Kelly’s other job was a whole new sort of venture. After briefly considering the purchase of a permanent home in Yorktown, in 1959 he and Mary acquired a piece of real estate just outside Williamsburg. The house was more than adequate to their needs as a set of living quarters and a place in which to finish raising their kids. But there was more. The property included the Twilight Motel, a roadside one-story row of eight rooms. This represented a substantial means of income inasmuch as the facility enjoyed a steady trade from tourists coming to visit Colonial Williamsburg. The theme park -- still there today -- consists of the oldest intact part of Williamsburg, once capital of the Virginia colony. Many structures in the neighborhood authentically reflect their appearance during the colonial period. Visitors are not only able to tour the streets and buildings, including the colonial governor’s residence (called the governor’s palace, but more on the scale of a mansion), but they can witness staff dressed in clothing modelled after the fashions of that era and often speaking as though they are individuals of 250 years ago, engaged in such authentically-performed crafts as cabinet-making, bookbinding, blacksmithing, butter-churning, wig-making, ham curing, and more. These days there are Renaissance Faires and many other historical sites that feature such content, but even now Colonial Williamsburg sets the standard. Kelly and Mary would go on to operate the Twilight Motel for a quarter century, and then after her death, he would continue to run it for several years more. (The home and motel no longer exist. The structures were razed in the early 2000s in preparation for the creation of a large shopping center. The precise spot is now occupied by a Toyota dealership.)

The years in Williamsburg were good ones.
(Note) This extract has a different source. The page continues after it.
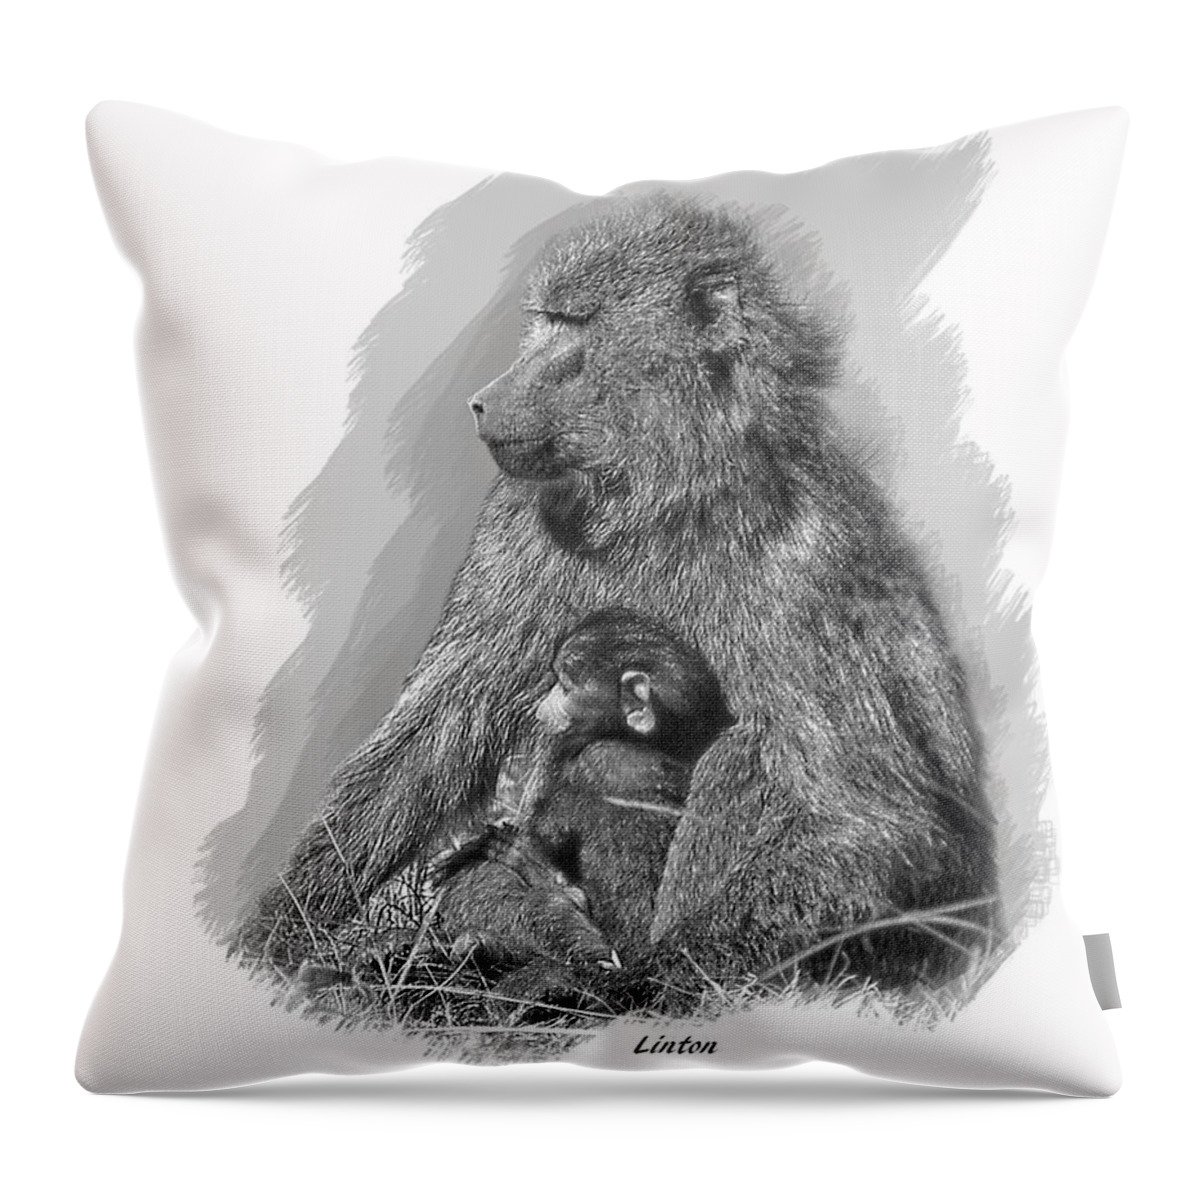 Baboon Throw Pillow featuring the digital art Baboon Mother And Young by Larry Linton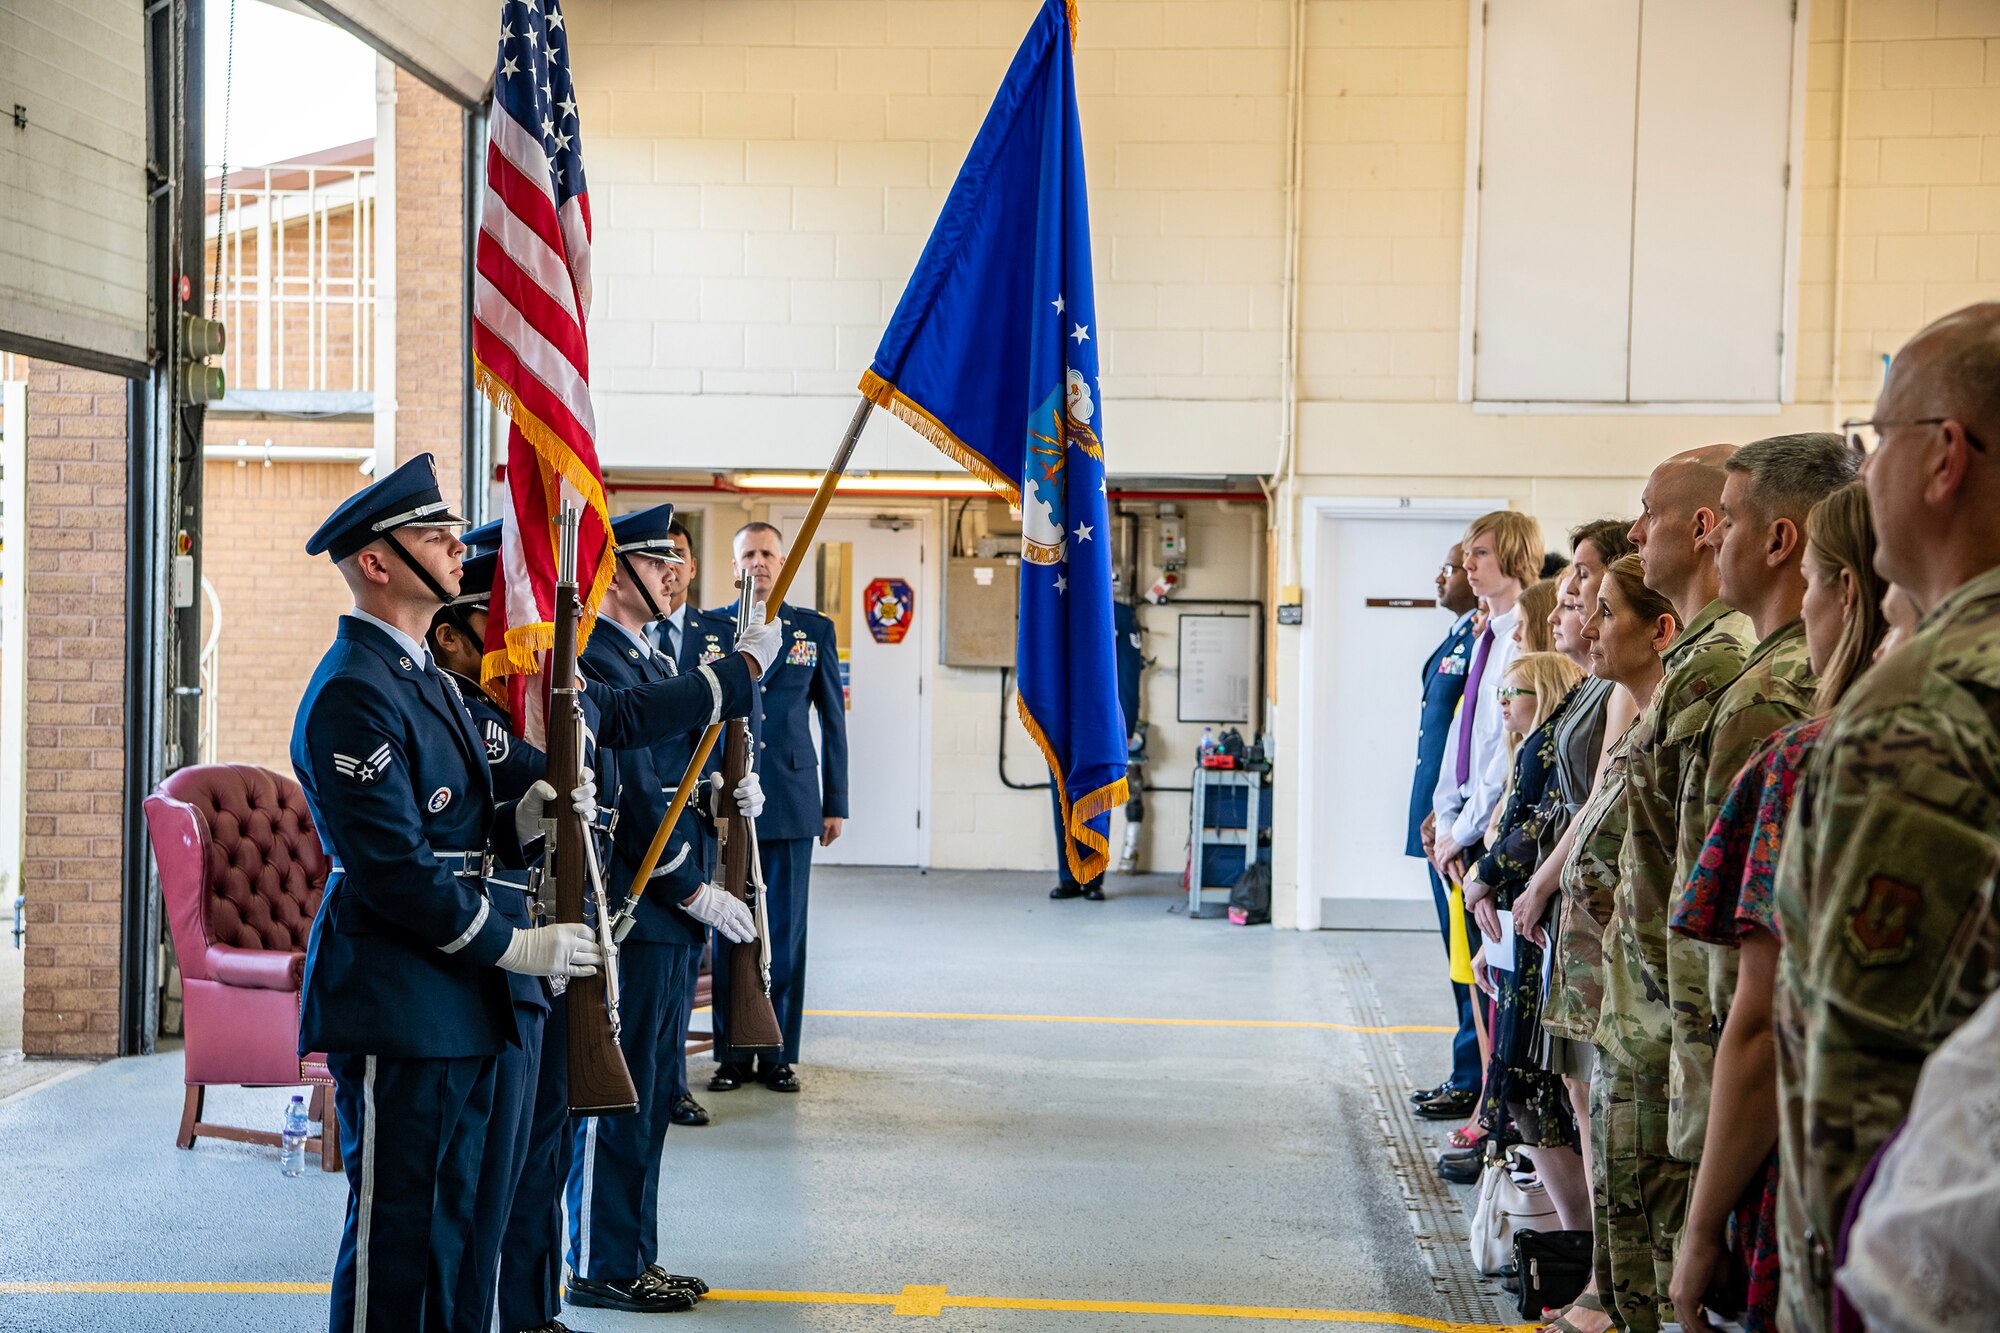 Airmen from the 501st Combat Support Wing stand at attention during a change of command ceremony at RAF Croughton, England, June 15, 2023. Lt. Col. Jethro Sadorra relinquished command of the 422d Civil Engineer Squadron to Maj. Kirk Hull. (U.S. Air Force photo by Staff Sgt. Eugene Oliver)

Kelly and Mary’s daughter grew up to marry a Navy man. Both sons graduated from college and one launched into what was to be a long-term career in the Air Force. Grandchildren arrived in the natural course of events. There was time and money for some travelling. The most frequent excursions were the regular holiday trips to visit Mary’s siblings in New Jersey. On his own, Kelly made it back to California once in a while to see kinfolk in Reedley, Fresno, and Eureka. A special occasion was a six-week tour of Europe in 1976, which incorporated a stopover in Finland and the chance for Kelly to see where his parents had spent their early years.

Both Mary and Kelly survived to be elderly, but Mary somewhat less so. She contracted cancer and passed away 26 September 1985 in Williamsburg. Kelly forged on as a widower for most of a decade thereafter, but inevitably age caught up with him. By 1992, he was coping with prostate issues, and in 1994, he was feeling frail enough that he finally agreed he could not stay in Williamsburg away from other family members. He moved in with his daughter and son-in-law in Salem, New London County, CT. Before the end, he needed more nursing care than could be had in a private home. He passed away at 5:30 in the morning of 20 June 1997 at Mariner Healthcare at Bridebrook in the village of Niantic, town of East Lyme, New London County, CT. His remains were laid to rest at Williamsburg Memorial Park with those of Mary.


Another view of Kelly with Agnes. This was taken in February, 1993 in the social hall of Good Shepherd Episcopal Parish in Reedley, CA during the party celebrating the 100th birthday of their aunt Marie Rautiainen Smeds. Kelly made one of his infrequent visits to California in order to take part in the event.


Descendants of Clarence Axel Smeds with Mary Theresa Bizlewicz

Details about Generation Four, the great-grandchildren of Herman Smeds and Greta Mickelsdotter Fagernäs, are kept off-line. However, we can say that Kelly’s line consists of three children, six grandchildren, and at least two great-grandchildren. This tally includes his adopted stepdaughter and her children.